Oops I coded it the first time shifting the wrong way, but include that here in case it's useful to someone.
#include <stdio.h>
#include <stdint.h>
// Remove bits n to n+k-1 from x.
unsigned scrunch_1(unsigned x, int n, int k) {
unsigned hi_bits = 0xffu << n;
return (x & ~hi_bits) | ((x >> k) & hi_bits);
}
// Remove bits n to n+k-1 from each byte in the buffer,
// then pack right. Return number of packed bytes.
size_t scrunch(uint8_t *buf, size_t size, int n, int k) {
size_t i_src = 0, i_dst = 0;
unsigned src_bits = 0; // Scrunched source bit buffer.
int n_src_bits = 0; // Initially it's empty.
for (;;) {
// Get scrunched bits until the buffer has at least 8.
while (n_src_bits < 8) {
if (i_src >= size) { // Done when source bytes exhausted.
// If there are left-over bits, add one more byte to output.
if (n_src_bits > 0) buf[i_dst++] = src_bits;
return i_dst;
}
// Pack 'em in.
src_bits |= scrunch_1(buf[i_src++], n, k) << n_src_bits;
n_src_bits += 8 - k;
}
// Write the lower 8 bits of the buffer to the destination byte.
buf[i_dst++] = src_bits;
src_bits >>= 8;
n_src_bits -= 8;
}
}
int main(void) {
uint8_t x[] = { 0xaa, 0xaa, 0xaa, 0xaa };
size_t n = scrunch(x, 4, 2, 3);
for (size_t i = 0; i < n; i++) {
printf("%x ", x[i]);
}
printf("\n");
return 0;
}
This writes d6 5a b. A few other test cases work as well.

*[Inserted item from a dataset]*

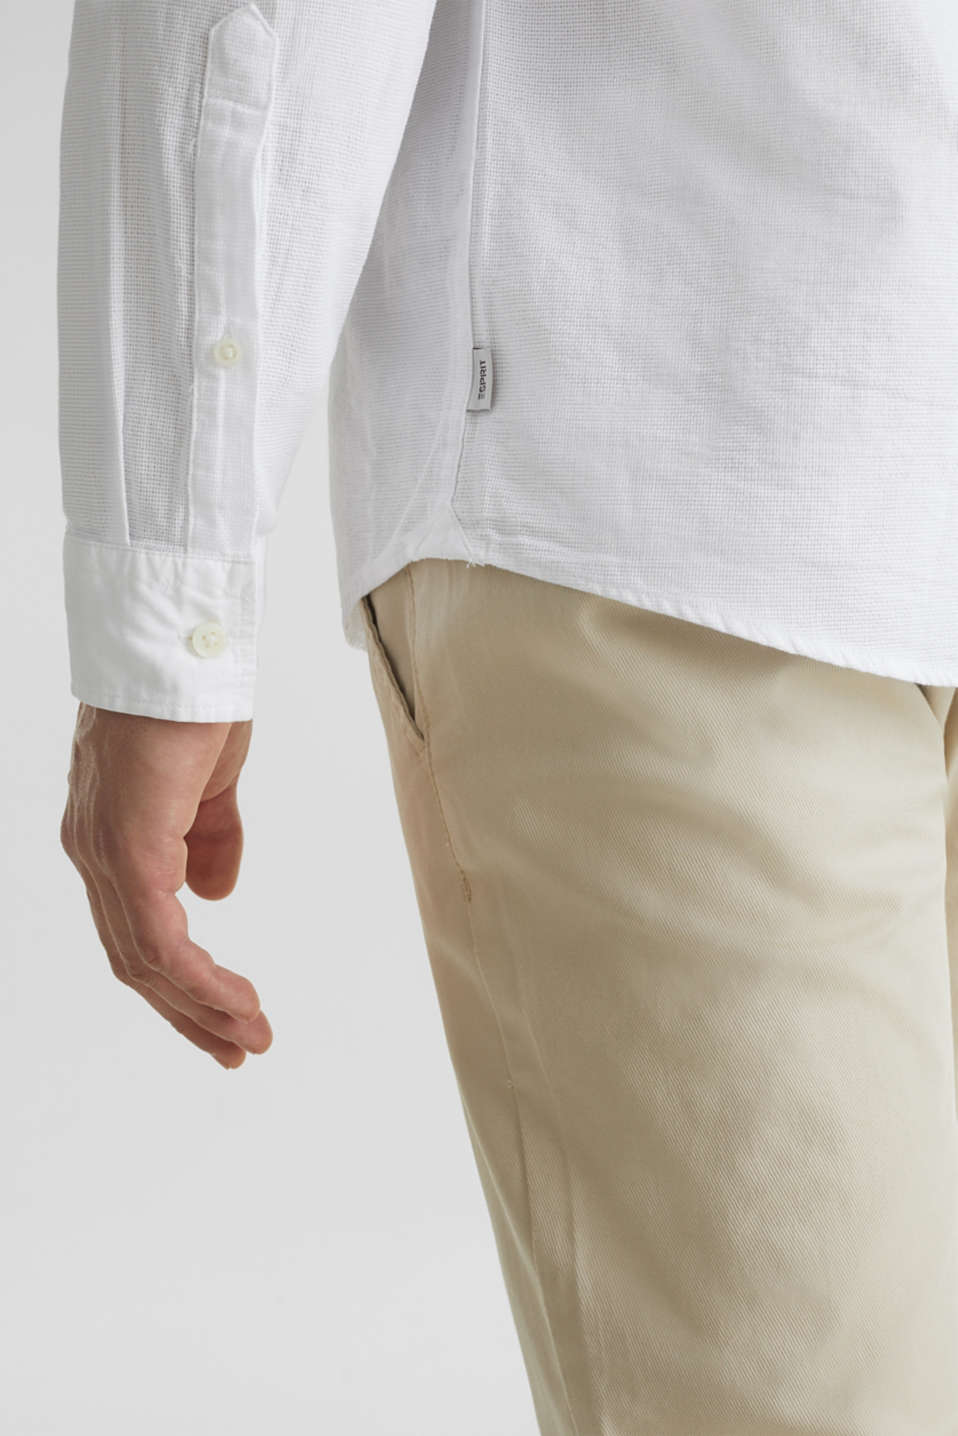 Textured shirt made of 100% organic, WHITE 5, detail image number 2

Something similar to this should work:
template<typename S> void removeBit(S* buffer, size_t length, size_t index)
{
const size_t BITS_PER_UNIT = sizeof(S)*8;
// first we find which data unit contains the desired bit
const size_t unit = index / BITS_PER_UNIT;
// and which index has the bit inside the specified unit, starting counting from most significant bit
const size_t relativeIndex = (BITS_PER_UNIT - 1) - index % BITS_PER_UNIT;
// then we unset that bit
buffer[unit] &= ~(1 << relativeIndex);
// now we have to shift what's on the right by 1 position
// we create a mask such that if 0b00100000 is the bit removed we use 0b00011111 as mask to shift the rest
const S partialShiftMask = (1 << relativeIndex) - 1;
// now we keep all bits left to the removed one and we shift left all the others
buffer[unit] = (buffer[unit] & ~partialShiftMask) | ((buffer[unit] & partialShiftMask) << 1);
for (int i = unit+1; i < length; ++i)
{
//we set rightmost bit of previous unit according to last bit of current unit
buffer[i-1] |= buffer[i] >> (BITS_PER_UNIT-1);
// then we shift current unit by one
buffer[i] <<= 1;
}
}
I just tested it on some basic cases so maybe something is not exactly correct but this should move you onto the right track.